Robbe-Grillet / the man who lies, knowing too much

Alfred Hitchock: "In connection with North by Northwestern Line and the authorial arbitrariness that I profess as a religion, I want to tell you about a scene that I worked on, but ultimately found no place for in the film. (...) We're northwest of New York, and one of the stops on the way could be Detroit, where the big Ford car plants are. (...) I wanted to do a long dialogue scene with Cary Grant and the factory foreman at the conveyor belt. They're both walking and talking about a third person who maybe has something to do with the factory. Behind them, they're assembling the car piece by piece, even filling it with oil and gasoline already. At the end of the dialogue, they both look at the car, which has risen from nothing, from a single screw, and is now ready to go, whereupon they say to each other: What an amazing thing! Then they open the car door and a corpse falls out. Where did the corpse come from? Hardly from the car, since we've followed its creation from the first bolt! The corpse fell out of nowhere, you understand? And it's probably the corpse of the man mentioned in the dialogue."

There's more than meets the eye to what Alain Robbe-Grillet and Alfred Hitchcock have in common. A religion of authorial arbitrariness as opposed to narratives obedient to the laws of probability. The conviction that the plot should be no more than an excuse to explore all the formal variations it offers. A relative indifference to the socially pressing issues that win festival awards, such as the environment, oppression of minorities, poverty, unemployment. Indifference to sex and death.

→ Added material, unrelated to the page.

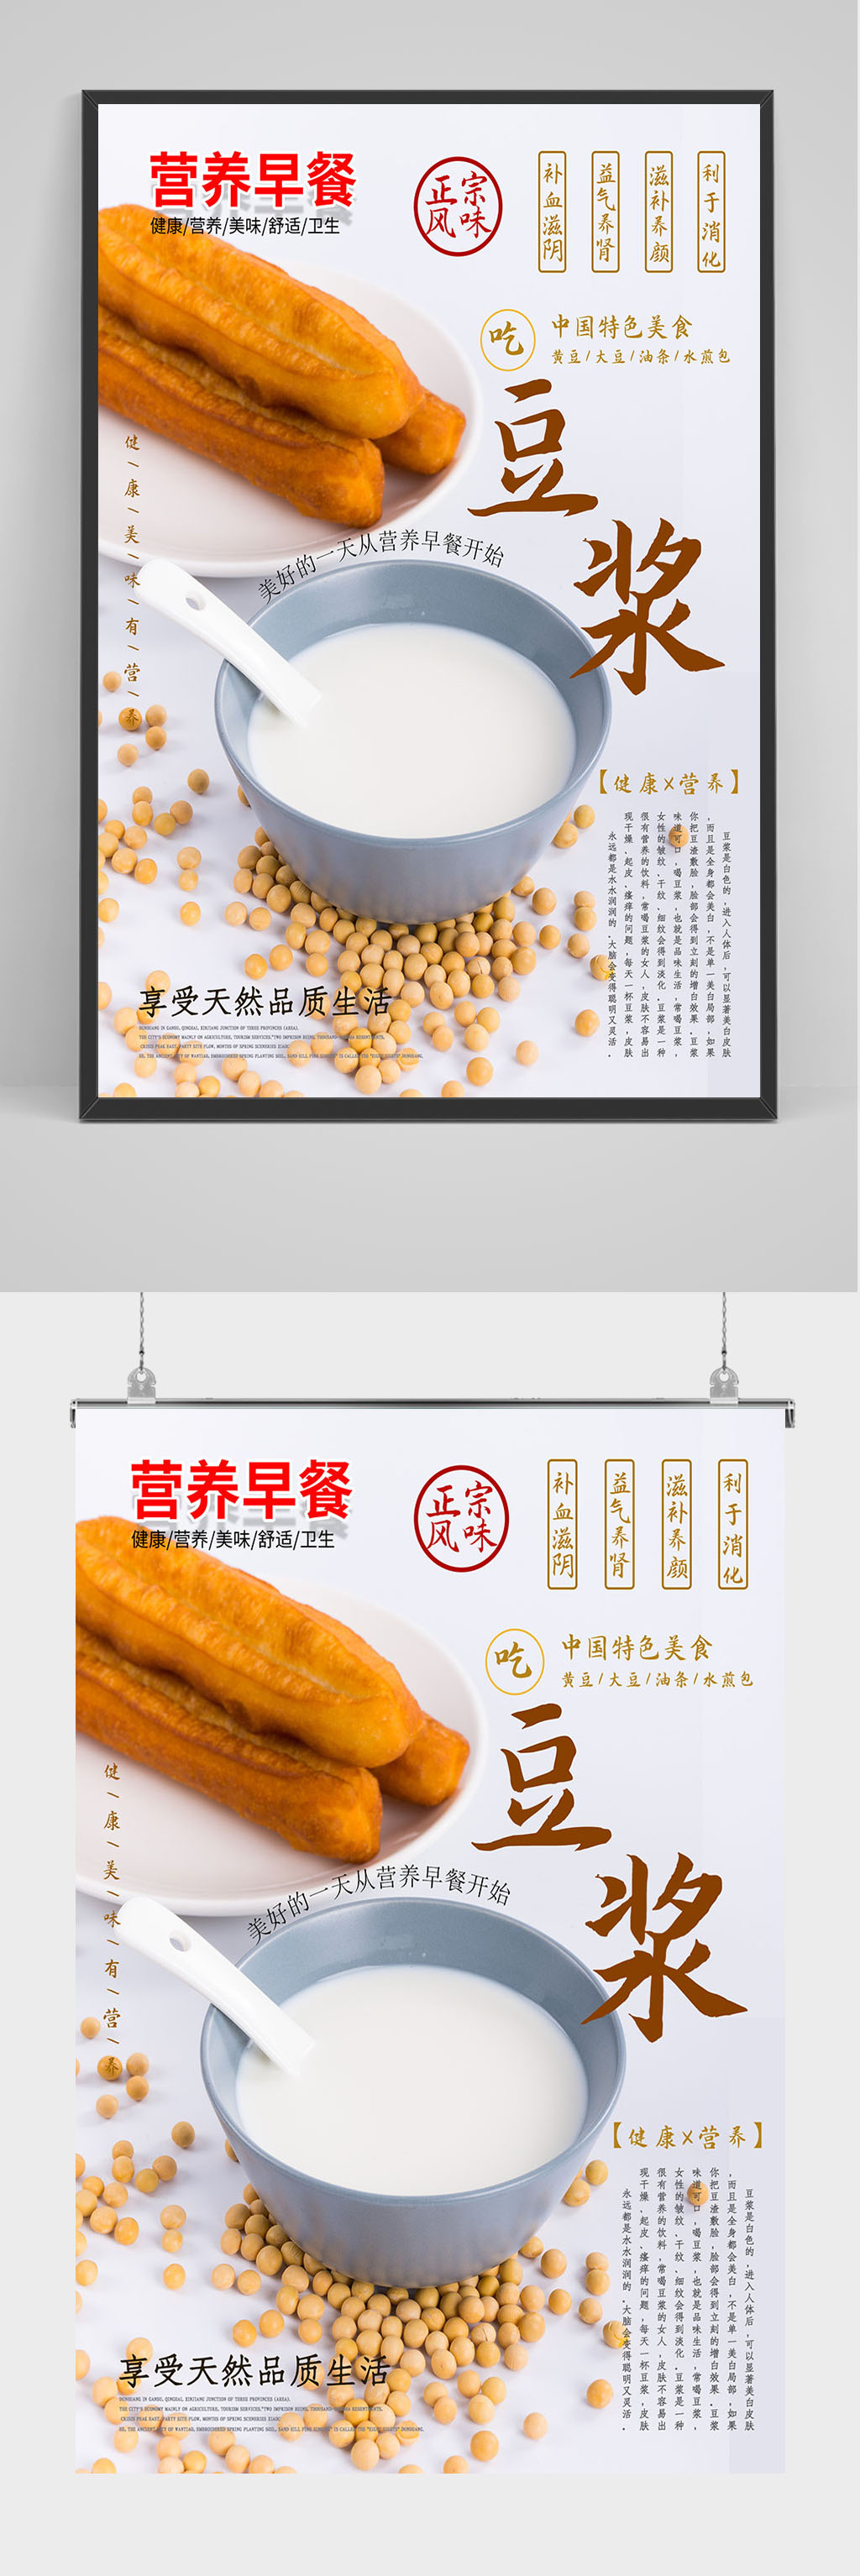 油条豆浆广告语和图片图片

François Truffaut: "I think, Mr. Hitchcock, you are attracted to emptiness. The cinema is empty, you want to fill it, the screen is empty, you want to fill it. You don't start from the content, but from the frame of the content. For you, the film is a container that needs to be filled with visual ideas."

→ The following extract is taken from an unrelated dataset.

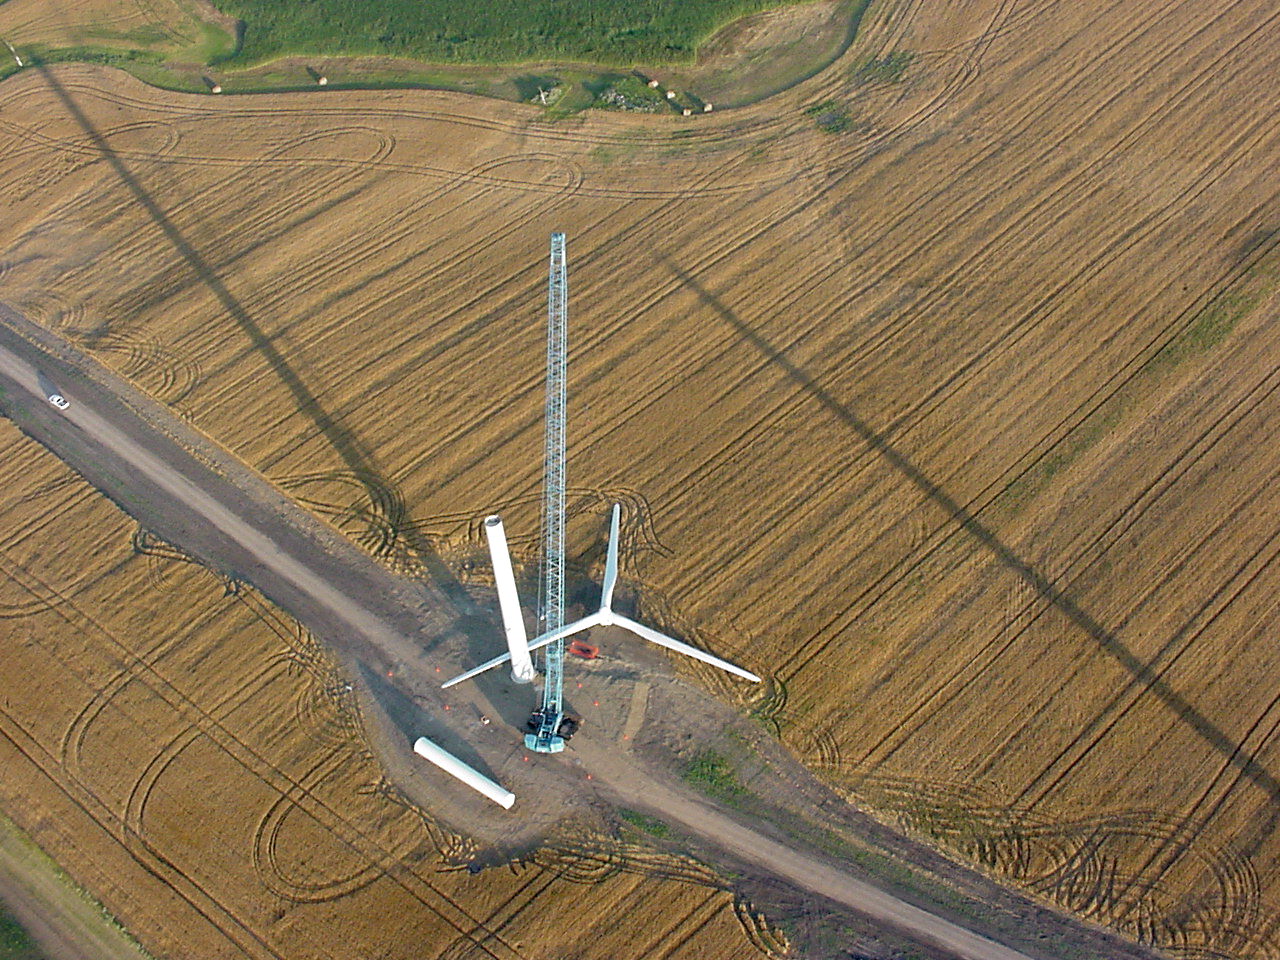 Wind farm siting
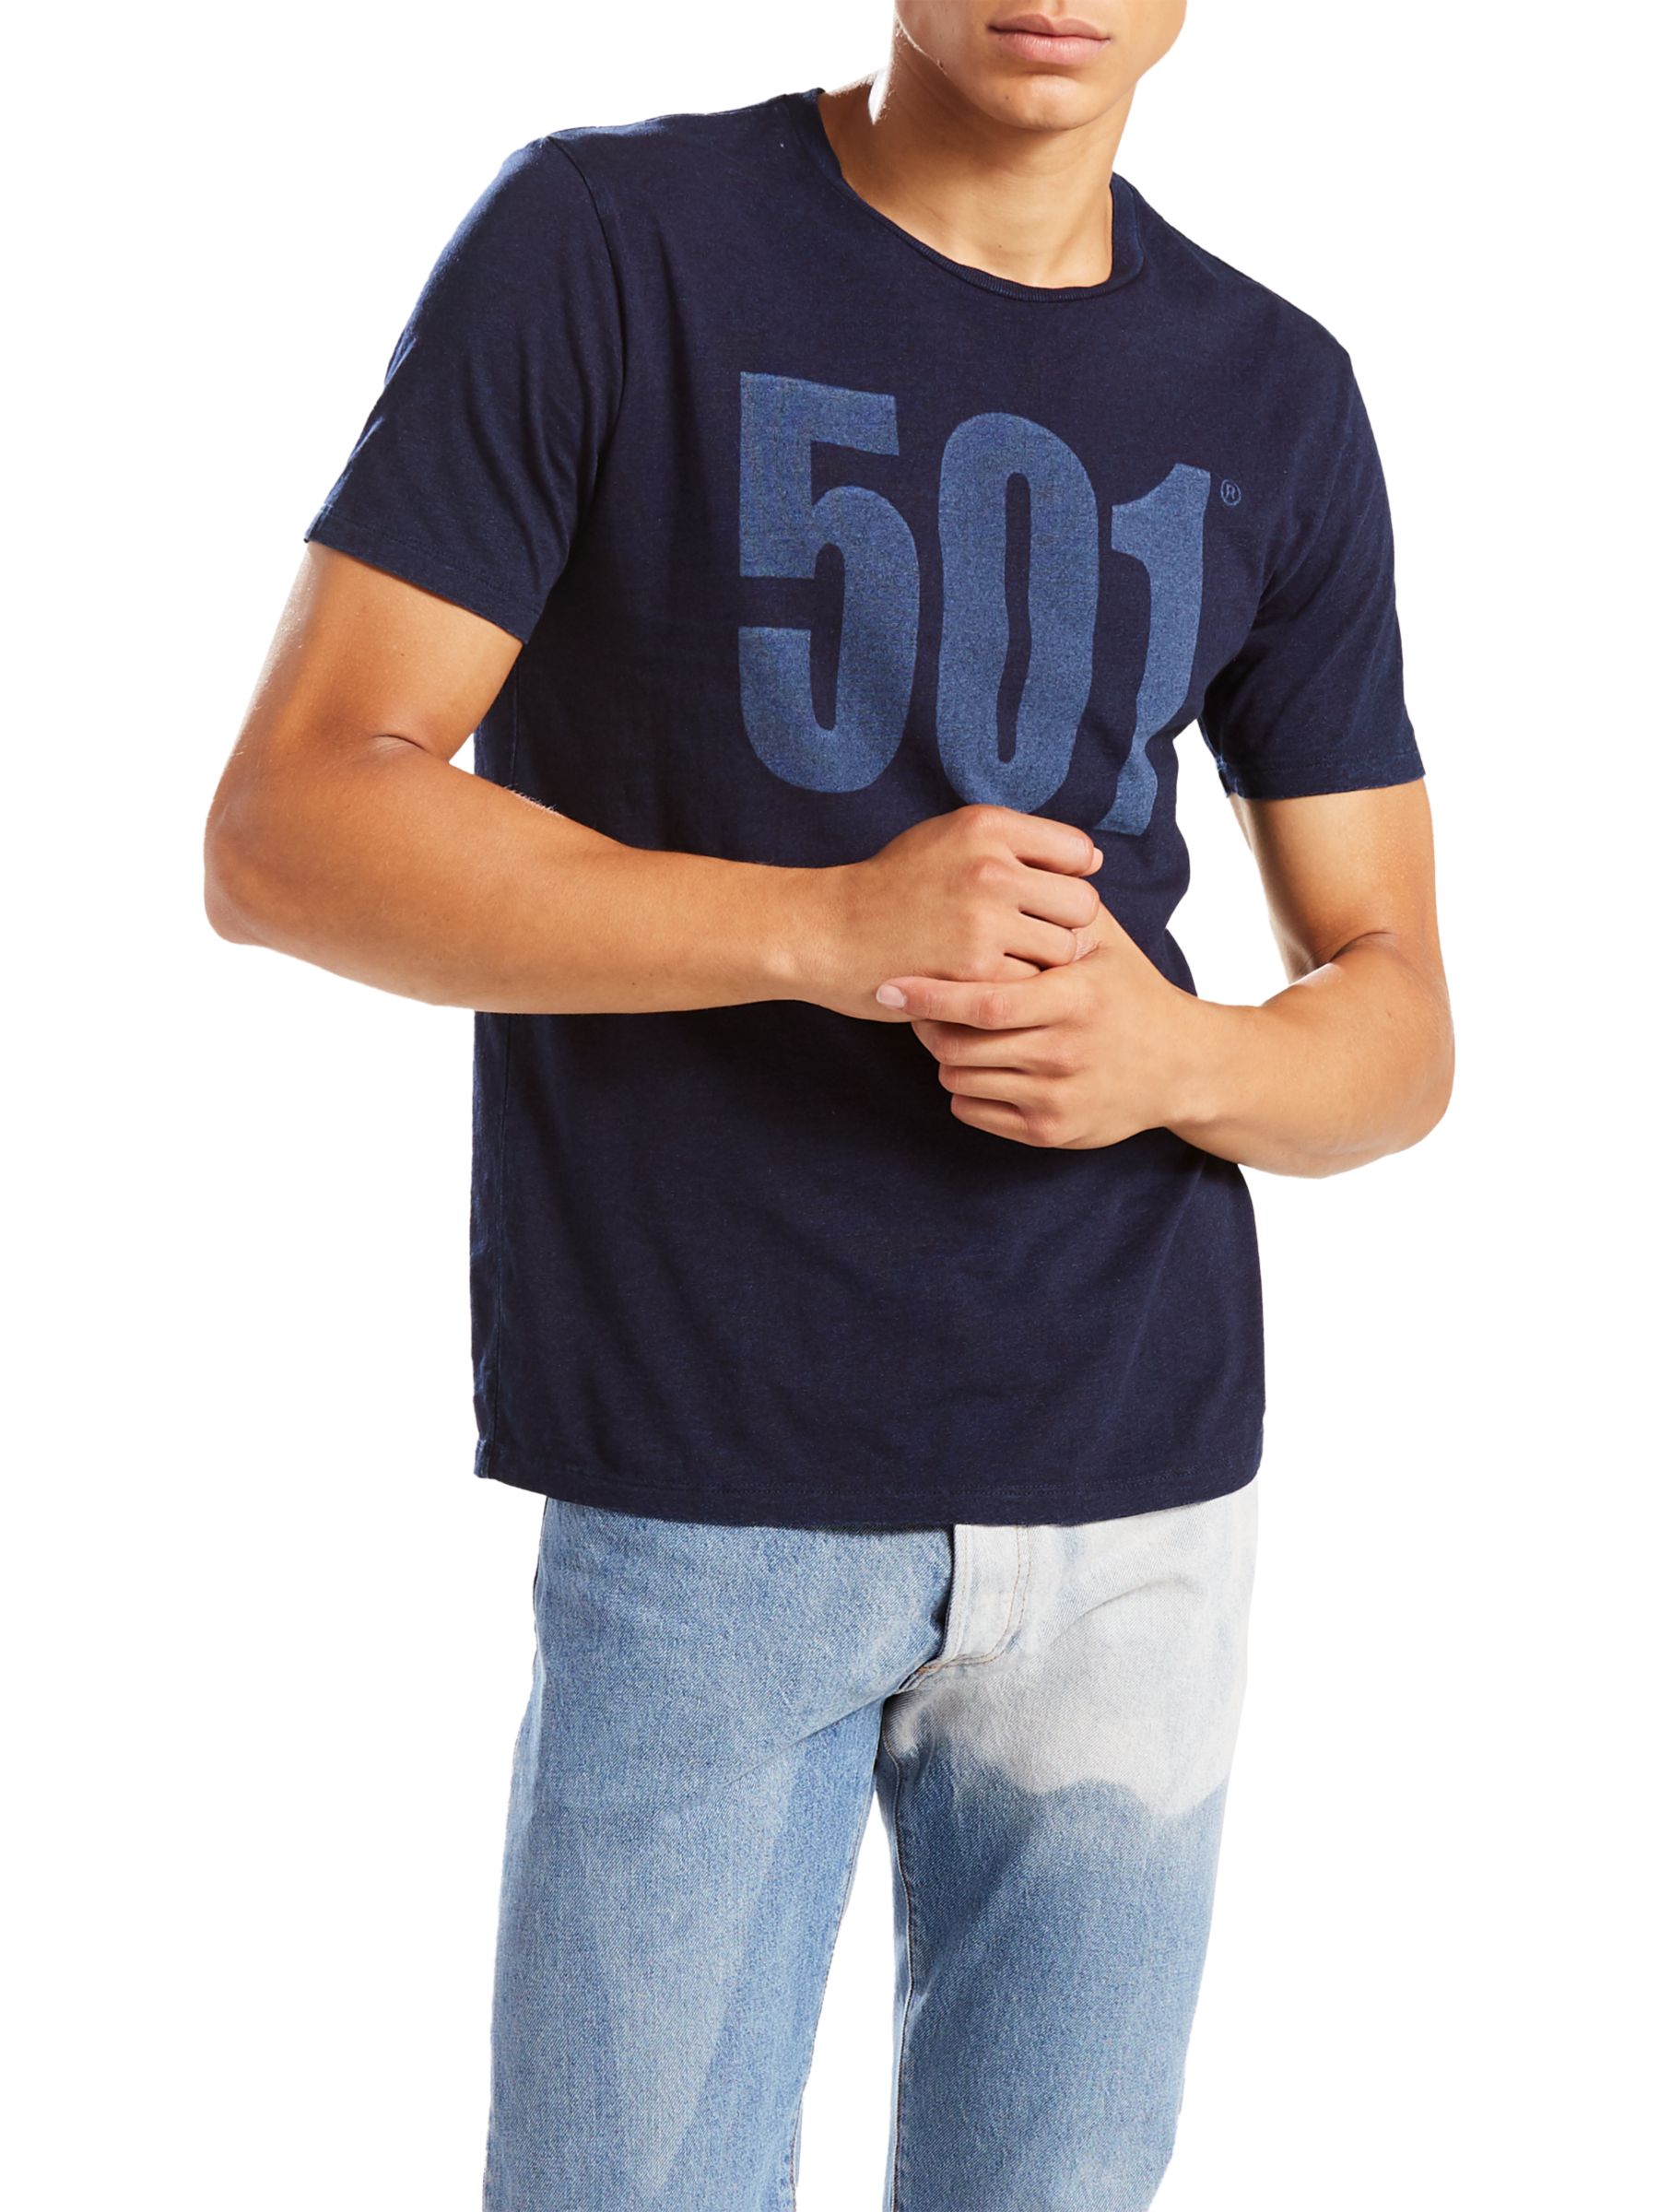 levi 501 t-shirt

Robbe-Grillet doesn't mean anything significantly different when he says, "I don't want to express anything. There is nothing I might want to express. I want to work with forms." The scene with the corpse that couldn't get into the car it fell out of, we wouldn't be at all surprised at Robbe-Grillet's - after the initial surprise.

"The viewer is looking for something to understand, and if he doesn't understand, he says: I missed the point of this film. But maybe he hasn't missed it at all. In short, it is possible that the film has a mystery that cannot be understood." Says Robbe-Grillet and continues in the spirit of Hitchcock:

"It is not necessary to decipher the code at all. The fact that the structure does not match the usual one makes the viewer aware of it. If he doesn't recognise in it one of the traditional narratives, he will perceive an alternative structure. Deconstruct it? That is not necessary. I admire, for example, the work of Alban Berg, the music in Woyzeck and Lulu, but I am not able to deconstruct it. Not even the music of Richard Wagner. Deconstructing it would give me an added pleasure, but also nothing more."

All strangers, all shaky identities... One of Vertigo' s defining moments is the one in which Judy writes a letter to Scottie revealing that she is not merely a lookalike of his beloved, the supposedly deceased Madelaine. However, she doesn't send the letter, so its real recipient was a moviegoer. Kim Novak remains, almost until the very end of Vertigo, a woman who lies.

As for Robbe-Grillet's liar-faced Jean-Louis Trintignant, he addresses the viewer with words in the first few minutes: "My name is Jan. I'm going to tell you my story..." But after a slight pause, "Where was I? I see: My name is Boris... Boris Varissa, but they call me Jan, sometimes a Ukrainian too, but I never found out why..."

Which is just one of the millions of things we don't learn from our writers. From two followers of the same religion, one born in London and the other in Brest.